■ Recorded data

____

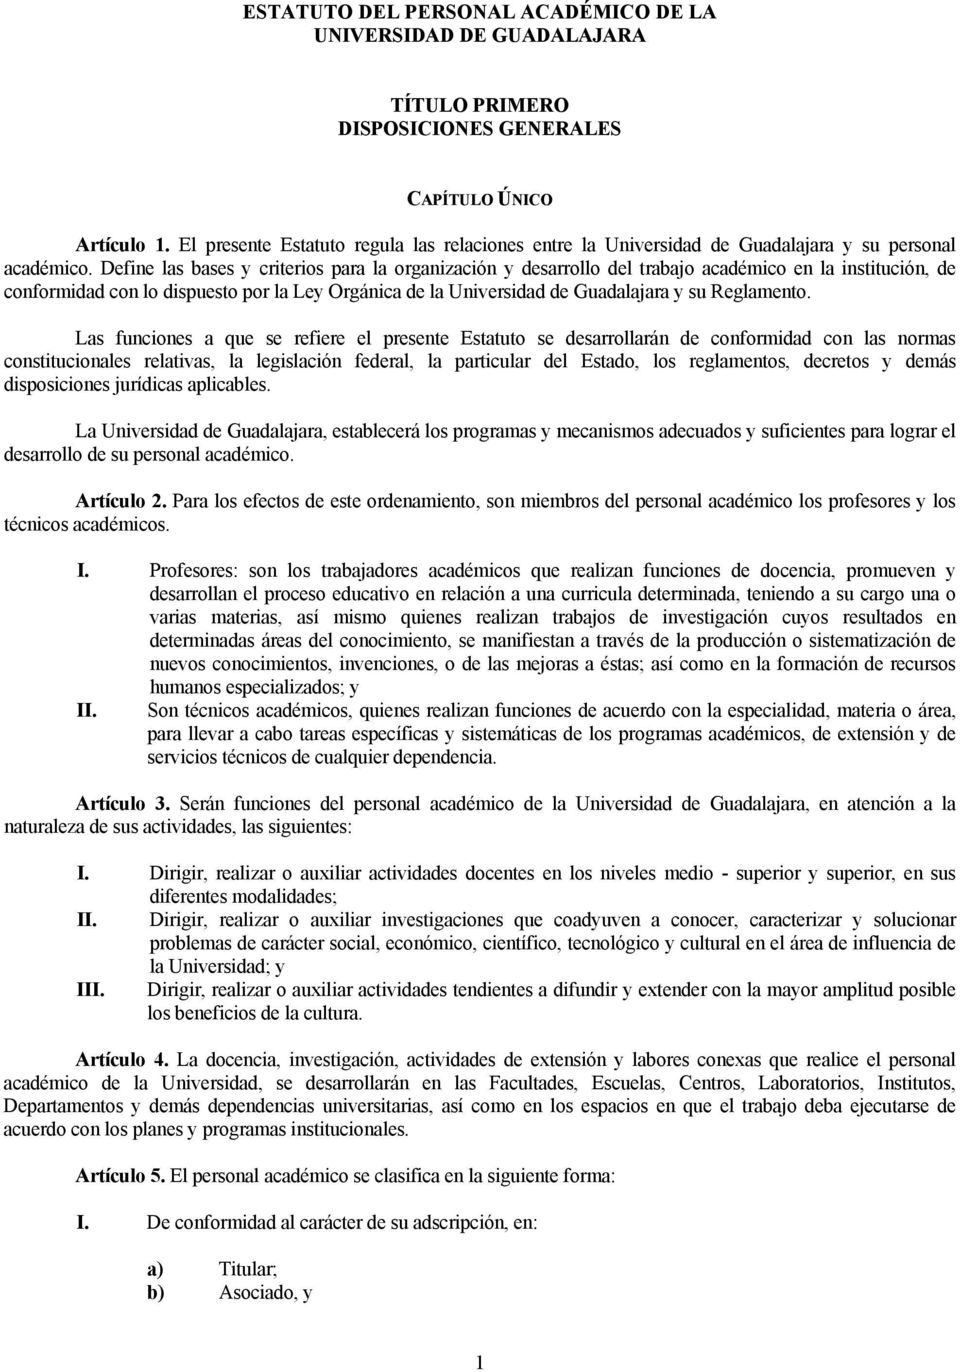 Define las bases y criterios para la organización y desarrollo del trabajo académico en la institución, de conformidad con lo dispuesto por la Ley Orgánica de la Universidad de Guadalajara y su
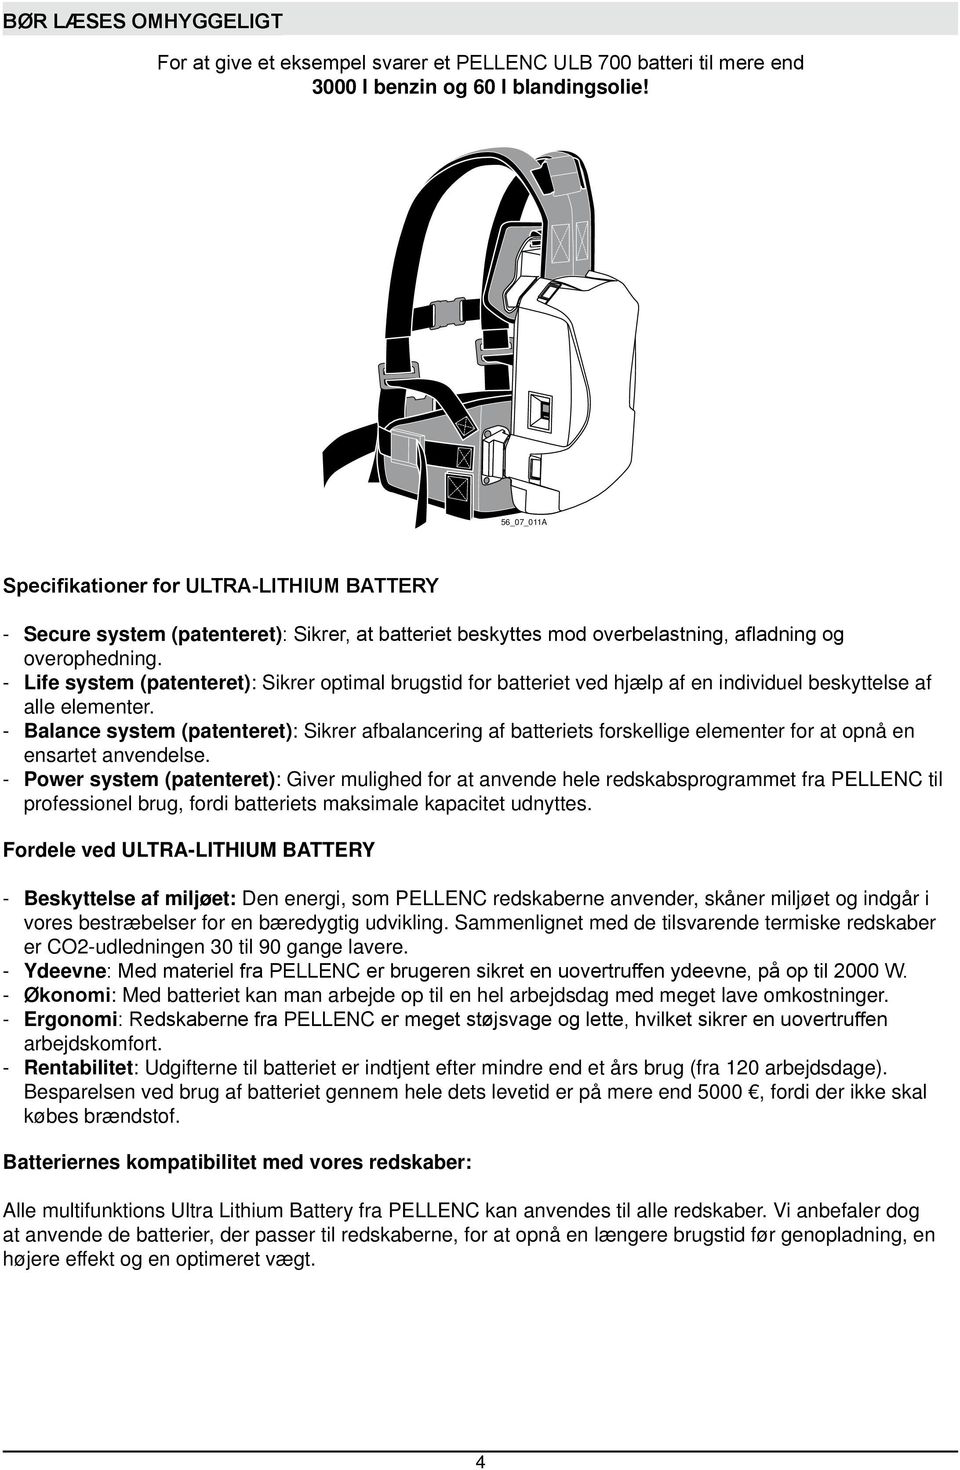 Life system (patenteret): Sikrer optimal brugstid for batteriet ved hjælp af en individuel beskyttelse af alle elementer.
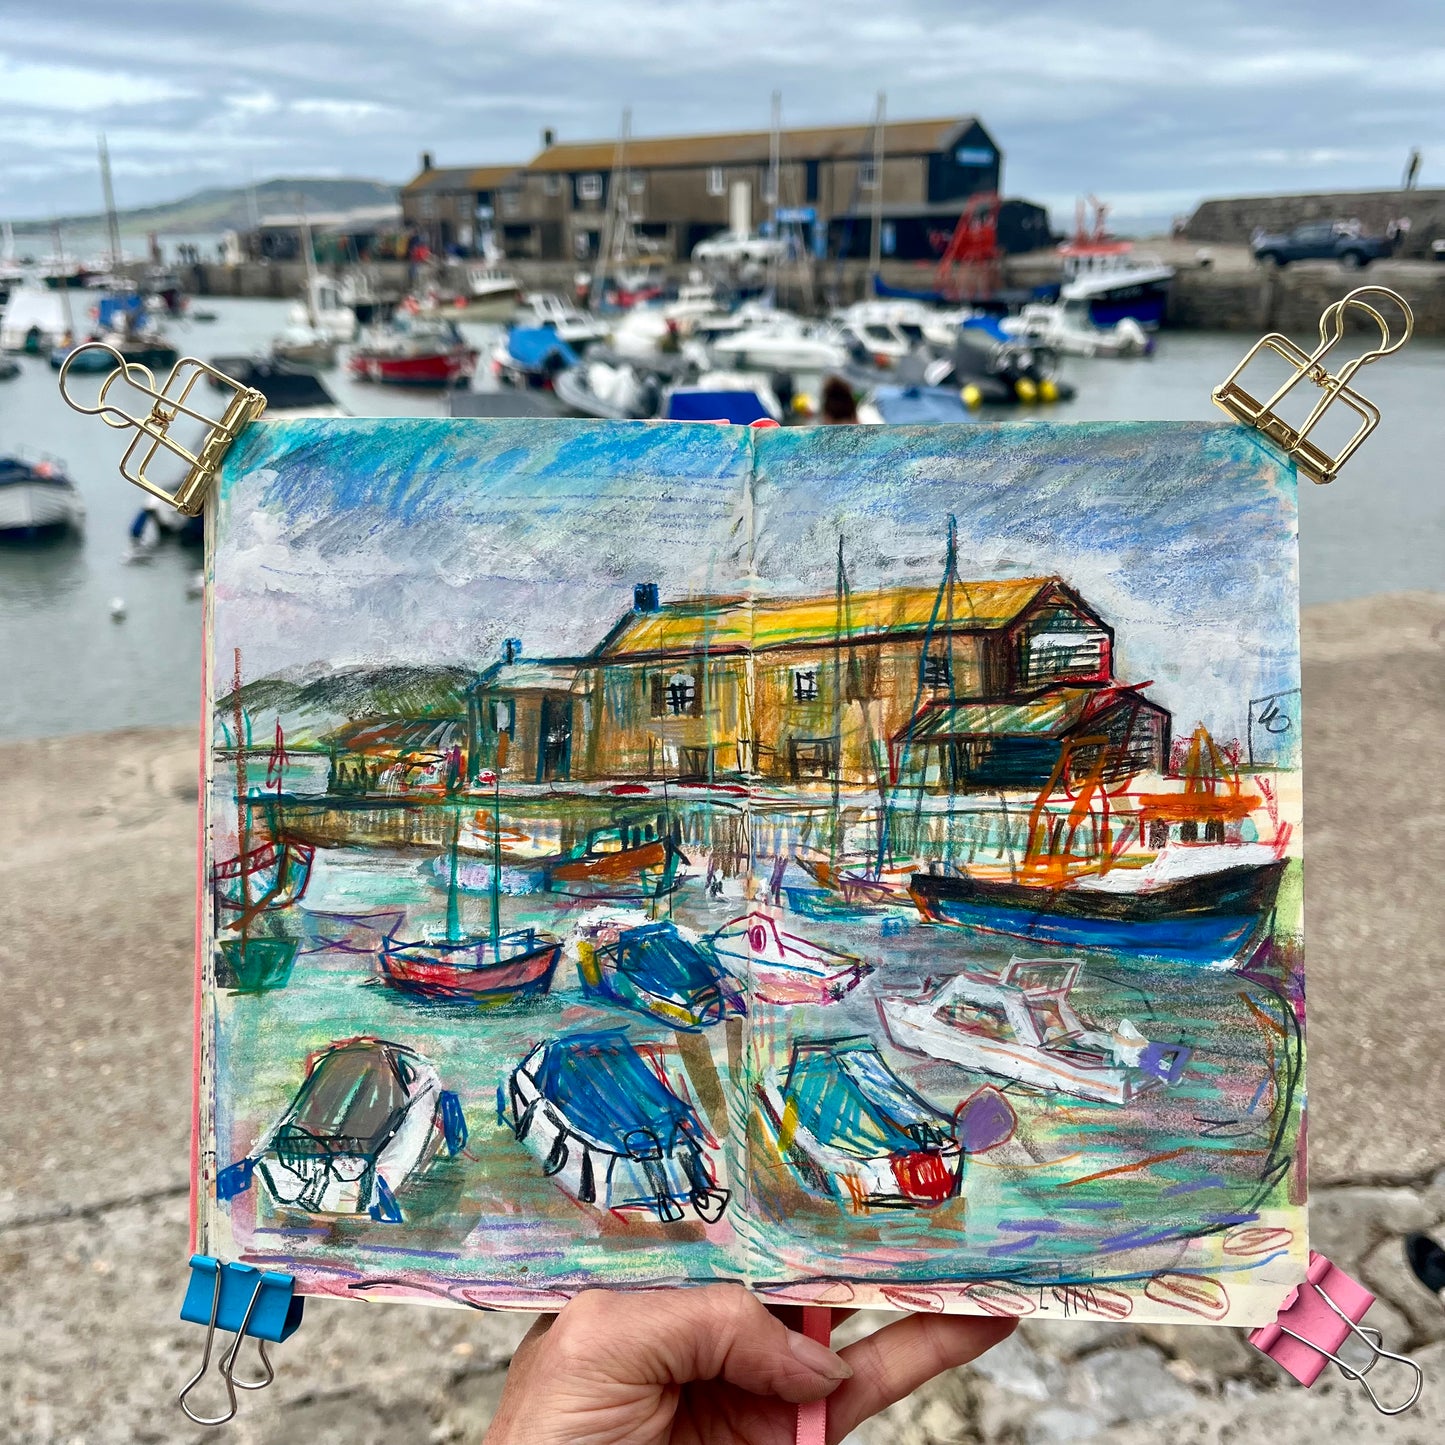 Lyme Regis harbour
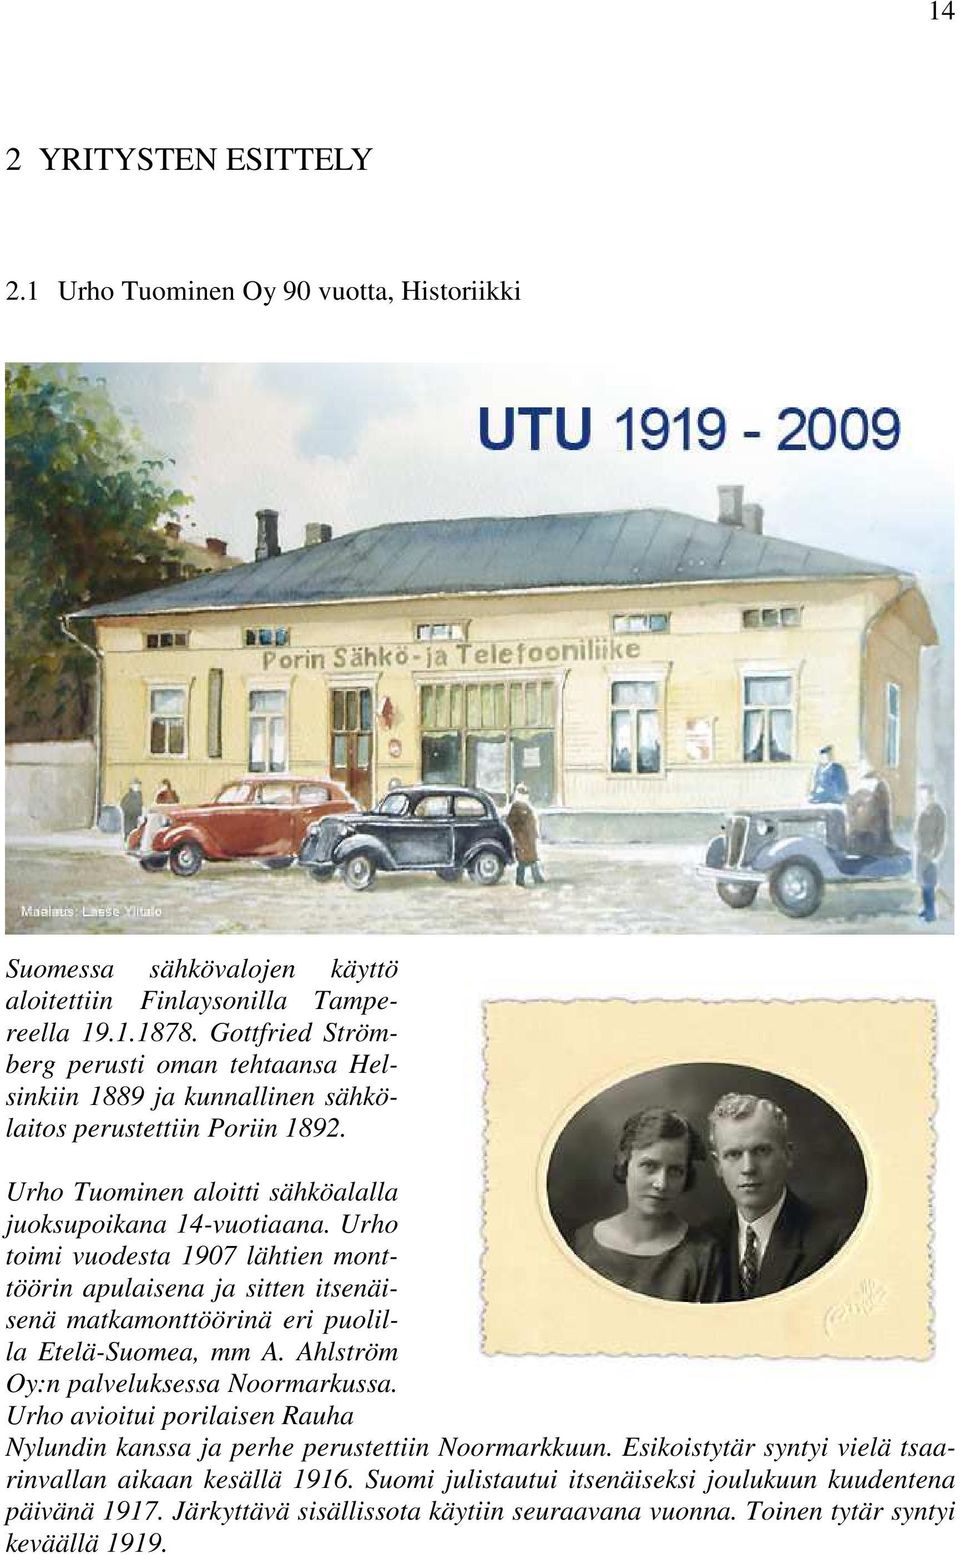 Urho toimi vuodesta 1907 lähtien monttöörin apulaisena ja sitten itsenäisenä matkamonttöörinä eri puolilla Etelä-Suomea, mm A. Ahlström Oy:n palveluksessa Noormarkussa.

____

■ Task to carry out
Give back, word for word, the lines from the one containing "Life system (patenteret): Sikrer" through the last line of the listing above; include both ends and exclude the pictures.

■ Written reply
 Life system (patenteret): Sikrer optimal brugstid for batteriet ved hjælp af en individuel beskyttelse af alle elementer.
 Lyme Regis harbour
 Urho toimi vuodesta 1907 lähtien monttöörin apulaisena ja sitten itsenäisenä matkamonttöörinä eri puolilla Etelä-Suomea, mm A. Ahlström Oy:n palveluksessa Noormarkussa.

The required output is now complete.